Supplied entries:
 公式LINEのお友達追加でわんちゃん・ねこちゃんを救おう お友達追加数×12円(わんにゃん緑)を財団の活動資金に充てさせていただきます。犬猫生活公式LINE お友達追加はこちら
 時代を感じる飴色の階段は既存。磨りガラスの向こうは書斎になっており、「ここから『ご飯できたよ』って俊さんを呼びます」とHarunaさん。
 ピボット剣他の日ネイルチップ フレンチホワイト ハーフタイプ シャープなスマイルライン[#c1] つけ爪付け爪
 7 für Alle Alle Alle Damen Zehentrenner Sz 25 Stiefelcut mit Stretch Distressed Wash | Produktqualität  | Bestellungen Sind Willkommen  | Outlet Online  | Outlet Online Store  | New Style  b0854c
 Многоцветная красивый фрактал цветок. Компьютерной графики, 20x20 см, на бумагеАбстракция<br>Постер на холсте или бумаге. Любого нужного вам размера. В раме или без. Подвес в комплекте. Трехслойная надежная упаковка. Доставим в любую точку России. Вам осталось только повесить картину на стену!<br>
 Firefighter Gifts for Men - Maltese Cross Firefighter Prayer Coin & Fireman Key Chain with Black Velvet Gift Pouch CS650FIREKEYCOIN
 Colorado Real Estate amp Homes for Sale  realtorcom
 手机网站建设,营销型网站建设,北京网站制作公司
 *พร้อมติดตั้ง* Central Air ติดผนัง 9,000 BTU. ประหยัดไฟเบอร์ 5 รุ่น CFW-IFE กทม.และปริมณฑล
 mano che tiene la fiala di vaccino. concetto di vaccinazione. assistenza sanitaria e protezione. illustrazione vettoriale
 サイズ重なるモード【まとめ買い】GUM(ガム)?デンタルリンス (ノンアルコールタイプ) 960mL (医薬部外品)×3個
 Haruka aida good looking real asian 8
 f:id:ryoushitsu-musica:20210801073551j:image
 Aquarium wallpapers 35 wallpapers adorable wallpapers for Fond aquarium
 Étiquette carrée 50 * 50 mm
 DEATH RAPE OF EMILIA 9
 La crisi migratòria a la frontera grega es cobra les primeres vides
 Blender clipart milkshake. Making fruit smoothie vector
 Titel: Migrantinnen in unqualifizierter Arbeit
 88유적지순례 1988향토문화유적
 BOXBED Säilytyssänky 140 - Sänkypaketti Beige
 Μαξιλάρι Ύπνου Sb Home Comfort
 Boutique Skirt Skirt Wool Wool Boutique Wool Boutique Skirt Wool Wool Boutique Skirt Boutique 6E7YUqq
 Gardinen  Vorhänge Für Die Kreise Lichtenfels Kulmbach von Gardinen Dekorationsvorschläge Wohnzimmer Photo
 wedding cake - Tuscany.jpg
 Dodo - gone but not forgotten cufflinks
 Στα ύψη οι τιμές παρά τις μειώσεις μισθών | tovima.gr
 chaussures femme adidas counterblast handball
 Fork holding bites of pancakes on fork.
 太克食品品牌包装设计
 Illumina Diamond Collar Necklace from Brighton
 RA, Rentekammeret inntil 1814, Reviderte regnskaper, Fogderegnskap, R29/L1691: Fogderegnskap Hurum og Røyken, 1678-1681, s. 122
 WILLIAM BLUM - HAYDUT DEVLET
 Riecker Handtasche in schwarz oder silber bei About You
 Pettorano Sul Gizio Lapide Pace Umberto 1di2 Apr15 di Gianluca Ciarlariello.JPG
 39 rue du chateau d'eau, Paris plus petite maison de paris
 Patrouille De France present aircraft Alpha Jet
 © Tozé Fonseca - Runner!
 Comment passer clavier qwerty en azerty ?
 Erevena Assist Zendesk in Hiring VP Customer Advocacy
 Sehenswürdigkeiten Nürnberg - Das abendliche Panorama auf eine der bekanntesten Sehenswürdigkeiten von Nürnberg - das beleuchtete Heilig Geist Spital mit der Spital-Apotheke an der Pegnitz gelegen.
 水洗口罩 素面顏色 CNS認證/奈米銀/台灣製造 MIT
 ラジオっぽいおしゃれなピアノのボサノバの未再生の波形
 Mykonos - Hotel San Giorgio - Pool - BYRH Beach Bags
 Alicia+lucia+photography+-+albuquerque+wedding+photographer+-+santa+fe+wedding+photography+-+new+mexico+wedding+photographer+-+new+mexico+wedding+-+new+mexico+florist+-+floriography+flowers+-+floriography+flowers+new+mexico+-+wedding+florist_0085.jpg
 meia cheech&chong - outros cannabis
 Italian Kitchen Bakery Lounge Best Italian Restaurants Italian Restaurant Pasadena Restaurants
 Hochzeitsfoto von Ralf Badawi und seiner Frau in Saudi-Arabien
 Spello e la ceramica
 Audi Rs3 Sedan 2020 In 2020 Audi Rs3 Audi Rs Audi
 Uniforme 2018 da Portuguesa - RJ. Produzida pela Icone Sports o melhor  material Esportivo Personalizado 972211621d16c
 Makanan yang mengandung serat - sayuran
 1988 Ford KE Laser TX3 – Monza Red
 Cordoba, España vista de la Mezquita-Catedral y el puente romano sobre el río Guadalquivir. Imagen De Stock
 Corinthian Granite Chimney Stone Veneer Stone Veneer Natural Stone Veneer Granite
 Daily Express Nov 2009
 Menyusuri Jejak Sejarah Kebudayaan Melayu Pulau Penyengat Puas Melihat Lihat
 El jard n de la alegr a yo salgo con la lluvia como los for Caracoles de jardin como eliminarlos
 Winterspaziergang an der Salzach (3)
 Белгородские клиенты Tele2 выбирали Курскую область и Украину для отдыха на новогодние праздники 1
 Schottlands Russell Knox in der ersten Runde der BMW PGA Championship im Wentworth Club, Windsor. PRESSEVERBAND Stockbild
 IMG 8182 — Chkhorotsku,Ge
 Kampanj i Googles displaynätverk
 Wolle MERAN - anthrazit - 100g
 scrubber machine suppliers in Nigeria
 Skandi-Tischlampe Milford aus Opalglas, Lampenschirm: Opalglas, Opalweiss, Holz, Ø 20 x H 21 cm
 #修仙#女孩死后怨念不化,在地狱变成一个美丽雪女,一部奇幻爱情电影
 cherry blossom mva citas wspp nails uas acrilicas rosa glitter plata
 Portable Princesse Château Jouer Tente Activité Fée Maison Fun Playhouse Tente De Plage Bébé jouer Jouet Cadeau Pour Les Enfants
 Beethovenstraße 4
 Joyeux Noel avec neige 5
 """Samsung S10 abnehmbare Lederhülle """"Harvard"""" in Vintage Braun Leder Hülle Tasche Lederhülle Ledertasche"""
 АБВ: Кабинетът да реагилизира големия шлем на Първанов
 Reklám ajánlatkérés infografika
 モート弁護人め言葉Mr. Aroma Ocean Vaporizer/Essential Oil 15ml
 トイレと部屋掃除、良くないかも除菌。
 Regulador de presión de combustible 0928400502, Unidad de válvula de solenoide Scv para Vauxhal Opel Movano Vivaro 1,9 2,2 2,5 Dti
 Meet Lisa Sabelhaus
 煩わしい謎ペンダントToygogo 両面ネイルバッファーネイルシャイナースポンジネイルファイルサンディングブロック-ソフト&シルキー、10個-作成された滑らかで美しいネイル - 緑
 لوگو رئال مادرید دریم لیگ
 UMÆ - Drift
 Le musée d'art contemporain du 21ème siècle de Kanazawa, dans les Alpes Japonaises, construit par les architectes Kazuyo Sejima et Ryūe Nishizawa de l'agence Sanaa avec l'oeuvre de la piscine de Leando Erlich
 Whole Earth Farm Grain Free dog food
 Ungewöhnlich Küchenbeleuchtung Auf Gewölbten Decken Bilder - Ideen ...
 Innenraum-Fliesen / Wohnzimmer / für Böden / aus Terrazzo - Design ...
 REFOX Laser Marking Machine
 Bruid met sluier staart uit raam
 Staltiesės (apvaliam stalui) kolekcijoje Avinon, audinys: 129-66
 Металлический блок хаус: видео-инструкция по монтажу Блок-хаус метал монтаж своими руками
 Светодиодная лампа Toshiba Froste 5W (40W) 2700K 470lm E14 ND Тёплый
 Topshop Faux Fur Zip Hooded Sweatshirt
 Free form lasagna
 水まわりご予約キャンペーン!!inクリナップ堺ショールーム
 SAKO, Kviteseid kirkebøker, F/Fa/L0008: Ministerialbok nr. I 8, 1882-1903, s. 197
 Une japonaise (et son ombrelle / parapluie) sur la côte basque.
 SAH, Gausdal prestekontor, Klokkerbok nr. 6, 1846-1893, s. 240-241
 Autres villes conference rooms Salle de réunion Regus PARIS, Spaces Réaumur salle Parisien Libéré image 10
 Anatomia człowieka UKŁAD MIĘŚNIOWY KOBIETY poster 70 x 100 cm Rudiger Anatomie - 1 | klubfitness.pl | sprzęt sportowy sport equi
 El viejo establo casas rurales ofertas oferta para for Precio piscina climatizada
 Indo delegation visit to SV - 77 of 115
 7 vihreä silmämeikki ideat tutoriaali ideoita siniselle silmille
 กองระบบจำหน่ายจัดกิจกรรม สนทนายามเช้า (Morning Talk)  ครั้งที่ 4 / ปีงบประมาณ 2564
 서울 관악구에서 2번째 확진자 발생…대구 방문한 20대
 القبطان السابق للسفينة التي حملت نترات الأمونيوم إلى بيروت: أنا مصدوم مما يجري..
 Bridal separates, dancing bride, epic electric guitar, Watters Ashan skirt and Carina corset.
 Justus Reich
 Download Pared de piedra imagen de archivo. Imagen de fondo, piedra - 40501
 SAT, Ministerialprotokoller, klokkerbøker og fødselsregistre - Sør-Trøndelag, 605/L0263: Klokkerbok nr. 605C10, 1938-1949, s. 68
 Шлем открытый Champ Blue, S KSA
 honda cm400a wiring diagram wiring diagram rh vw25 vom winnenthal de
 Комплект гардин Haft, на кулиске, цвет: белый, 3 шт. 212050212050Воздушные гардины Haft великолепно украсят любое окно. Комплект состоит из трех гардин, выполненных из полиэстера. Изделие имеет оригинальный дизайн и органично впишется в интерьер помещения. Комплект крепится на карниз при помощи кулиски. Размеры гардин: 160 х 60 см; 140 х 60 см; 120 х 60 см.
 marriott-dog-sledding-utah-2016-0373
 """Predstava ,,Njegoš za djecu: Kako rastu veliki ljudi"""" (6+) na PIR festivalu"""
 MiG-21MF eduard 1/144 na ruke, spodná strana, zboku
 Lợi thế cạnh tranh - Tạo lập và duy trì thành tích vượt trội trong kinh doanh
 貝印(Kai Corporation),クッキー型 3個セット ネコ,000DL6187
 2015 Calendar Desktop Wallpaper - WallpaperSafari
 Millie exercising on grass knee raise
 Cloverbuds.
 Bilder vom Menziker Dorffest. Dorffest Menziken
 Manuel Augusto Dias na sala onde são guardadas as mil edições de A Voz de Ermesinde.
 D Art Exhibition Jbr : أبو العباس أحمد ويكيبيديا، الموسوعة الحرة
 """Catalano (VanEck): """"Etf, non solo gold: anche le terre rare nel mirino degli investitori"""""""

Task directions: Out of the listing above, reproduce exactly the lines from the one with "水洗口罩 素面顏色 CNS認證/奈米銀/台灣製造 MIT" up to and including the one with "Audi Rs3 Sedan".

Response area:
 水洗口罩 素面顏色 CNS認證/奈米銀/台灣製造 MIT
 ラジオっぽいおしゃれなピアノのボサノバの未再生の波形
 Mykonos - Hotel San Giorgio - Pool - BYRH Beach Bags
 Alicia+lucia+photography+-+albuquerque+wedding+photographer+-+santa+fe+wedding+photography+-+new+mexico+wedding+photographer+-+new+mexico+wedding+-+new+mexico+florist+-+floriography+flowers+-+floriography+flowers+new+mexico+-+wedding+florist_0085.jpg
 meia cheech&chong - outros cannabis
 Italian Kitchen Bakery Lounge Best Italian Restaurants Italian Restaurant Pasadena Restaurants
 Hochzeitsfoto von Ralf Badawi und seiner Frau in Saudi-Arabien
 Spello e la ceramica
 Audi Rs3 Sedan 2020 In 2020 Audi Rs3 Audi Rs Audi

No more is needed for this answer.